▶ [Activity]:
Find the line holding "Artificial Intelligence Optimisation" in the entries below. Give it again exactly, along with every line after it up to and including the line holding "Time For Some".

==========

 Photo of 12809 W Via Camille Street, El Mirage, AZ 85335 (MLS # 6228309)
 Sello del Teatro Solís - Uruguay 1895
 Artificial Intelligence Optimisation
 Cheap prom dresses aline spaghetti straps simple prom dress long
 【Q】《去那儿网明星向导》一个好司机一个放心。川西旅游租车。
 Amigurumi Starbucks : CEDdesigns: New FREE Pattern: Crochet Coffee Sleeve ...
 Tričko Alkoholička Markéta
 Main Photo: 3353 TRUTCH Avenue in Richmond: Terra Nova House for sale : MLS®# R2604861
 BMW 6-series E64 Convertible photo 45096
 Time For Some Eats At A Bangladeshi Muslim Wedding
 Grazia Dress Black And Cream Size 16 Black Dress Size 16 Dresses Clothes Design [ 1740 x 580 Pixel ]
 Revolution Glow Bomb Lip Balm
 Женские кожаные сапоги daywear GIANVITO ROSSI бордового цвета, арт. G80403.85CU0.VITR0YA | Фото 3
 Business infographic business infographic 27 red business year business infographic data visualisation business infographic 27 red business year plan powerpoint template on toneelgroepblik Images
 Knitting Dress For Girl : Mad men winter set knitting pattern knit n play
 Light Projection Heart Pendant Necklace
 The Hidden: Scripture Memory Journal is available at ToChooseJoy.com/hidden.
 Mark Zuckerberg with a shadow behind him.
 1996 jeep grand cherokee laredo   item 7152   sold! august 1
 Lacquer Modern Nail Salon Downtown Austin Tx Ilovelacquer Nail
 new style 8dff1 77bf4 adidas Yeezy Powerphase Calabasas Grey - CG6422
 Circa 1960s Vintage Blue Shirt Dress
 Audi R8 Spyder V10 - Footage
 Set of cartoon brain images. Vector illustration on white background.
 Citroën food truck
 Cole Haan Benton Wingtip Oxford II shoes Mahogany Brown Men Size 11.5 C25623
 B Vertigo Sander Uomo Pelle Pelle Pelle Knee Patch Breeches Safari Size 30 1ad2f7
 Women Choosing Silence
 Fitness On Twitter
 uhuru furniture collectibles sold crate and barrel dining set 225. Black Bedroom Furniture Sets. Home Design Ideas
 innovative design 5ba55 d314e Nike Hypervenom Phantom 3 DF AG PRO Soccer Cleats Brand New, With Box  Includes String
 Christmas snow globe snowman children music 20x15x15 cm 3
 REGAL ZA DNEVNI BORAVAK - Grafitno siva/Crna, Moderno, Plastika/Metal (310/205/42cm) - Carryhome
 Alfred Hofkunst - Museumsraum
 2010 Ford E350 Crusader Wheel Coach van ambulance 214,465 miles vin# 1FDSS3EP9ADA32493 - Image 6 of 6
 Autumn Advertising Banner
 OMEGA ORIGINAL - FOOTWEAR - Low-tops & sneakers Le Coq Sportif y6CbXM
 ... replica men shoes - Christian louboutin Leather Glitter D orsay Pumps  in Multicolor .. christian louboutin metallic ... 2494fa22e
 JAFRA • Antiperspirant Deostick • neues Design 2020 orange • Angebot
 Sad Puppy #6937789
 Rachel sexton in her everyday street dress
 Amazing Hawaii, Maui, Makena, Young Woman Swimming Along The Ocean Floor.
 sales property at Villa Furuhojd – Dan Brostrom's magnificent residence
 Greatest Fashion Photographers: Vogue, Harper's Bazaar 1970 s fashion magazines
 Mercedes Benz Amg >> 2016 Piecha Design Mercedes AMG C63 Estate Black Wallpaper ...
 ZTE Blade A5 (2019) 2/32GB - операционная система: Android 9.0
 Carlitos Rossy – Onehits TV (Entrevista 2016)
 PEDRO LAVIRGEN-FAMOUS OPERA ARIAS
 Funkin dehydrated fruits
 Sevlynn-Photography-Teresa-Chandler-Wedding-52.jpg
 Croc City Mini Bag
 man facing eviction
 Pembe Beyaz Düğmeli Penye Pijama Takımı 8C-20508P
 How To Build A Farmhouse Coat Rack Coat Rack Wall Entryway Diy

==========

▶ [Output below]:
 Artificial Intelligence Optimisation
 Cheap prom dresses aline spaghetti straps simple prom dress long
 【Q】《去那儿网明星向导》一个好司机一个放心。川西旅游租车。
 Amigurumi Starbucks : CEDdesigns: New FREE Pattern: Crochet Coffee Sleeve ...
 Tričko Alkoholička Markéta
 Main Photo: 3353 TRUTCH Avenue in Richmond: Terra Nova House for sale : MLS®# R2604861
 BMW 6-series E64 Convertible photo 45096
 Time For Some Eats At A Bangladeshi Muslim Wedding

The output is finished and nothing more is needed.